In the present study, an expression of CXCR6 on PMN as a local phenomenon has been discovered as a novel finding in the regulation of inflammatory processes guided by a crosslink of CXC chemokines and PMN. Under these two defined localized inflammatory conditions, such as the tumour-inflammation in pancreatic cancer specimens and acute localized bacterial wound infections, the expression of the CXC chemokine receptor CXCR6 on infiltrated PMN was found, but not on PMN of the peripheral blood. Thus, CXCR6 surface expression on PMN seems to be a temporary event involved in the local regulation of the immune response in vivo. This can be underlined by the finding that CXCR6 expression on the surface of PMN can be up-regulated using TNFα and phorbolester PMA as classical immunomodulatory factors.

Migration of PMN was determined in a standardized chemotaxis assay. CXCL16, the only described ligand of CXCR6, induced migration in the typical dose-dependent manner, with high doses being inhibitory, as is described for all chemokines. Similarly, supernatants from cultivated human pancreatic cancer cells, releasing CXCL16, induced chemotaxis. Compared with the bona fide chemoattractant C5a, chemotaxis was lower (40–60%), which is most probably due to the fact that only a minor portion of peripheral blood PMN is expressing CXCR6. Up-regulation of CXCR6 by PMA or TNFα was precluded by the fact that in vitro the pre-incubation of PMN with either TNFα or PMA abolishes the capacity to migrate [44]. As human pancreatic cancer cell lines produce high levels of soluble CXCL16 in vitro[24], and because the infiltrated PMN express CXCR6, we hypothesize that the tumour cells attract the PMN.

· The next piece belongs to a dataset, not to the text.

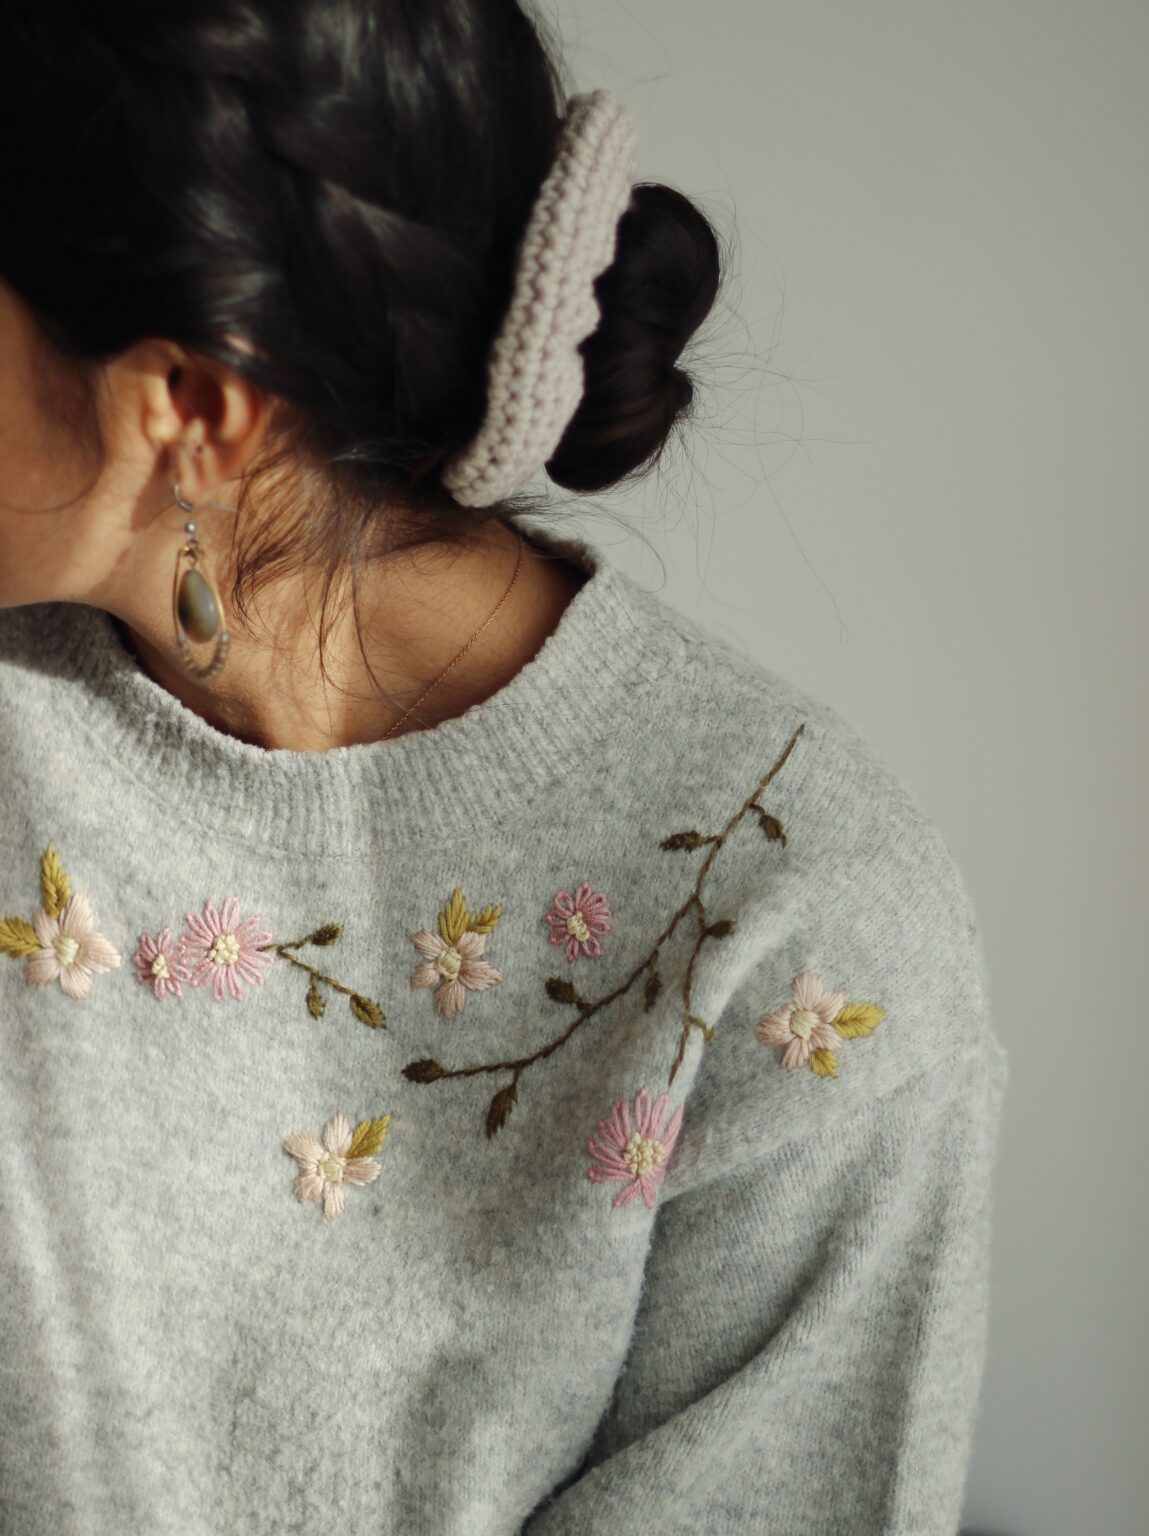 DIY Flower Embroidery on Knit Sweater - FioreLila shop

In summary, these novel findings identify a potential crosstalk between CXC chemokines and CXC receptor expressing PMN and imply a role of this interaction in the attraction of PMN to sites of localized bacterial infections, or tumours, respectively. The function of the CXCR6-positive PMN at the site of infection or within a tumour has not yet been elucidated. The question remains of whether those attracted CXCR6 positive PMN participate in the host defence or whether they rather contribute to the destructive inflammatory processes known to be associated with persistent bacterial infections or with pancreatic tumours in particular.

Acknowledgments

We thank Thomas Giese, Institute of Immunology, University of Heidelberg, Germany, for performing the quantitative RT-PCR.

Parts of the given results have been presented as a poster during the 37th Annual Meeting of the German for Immunology, Heidelberg, Germany, 5–8 September 2007.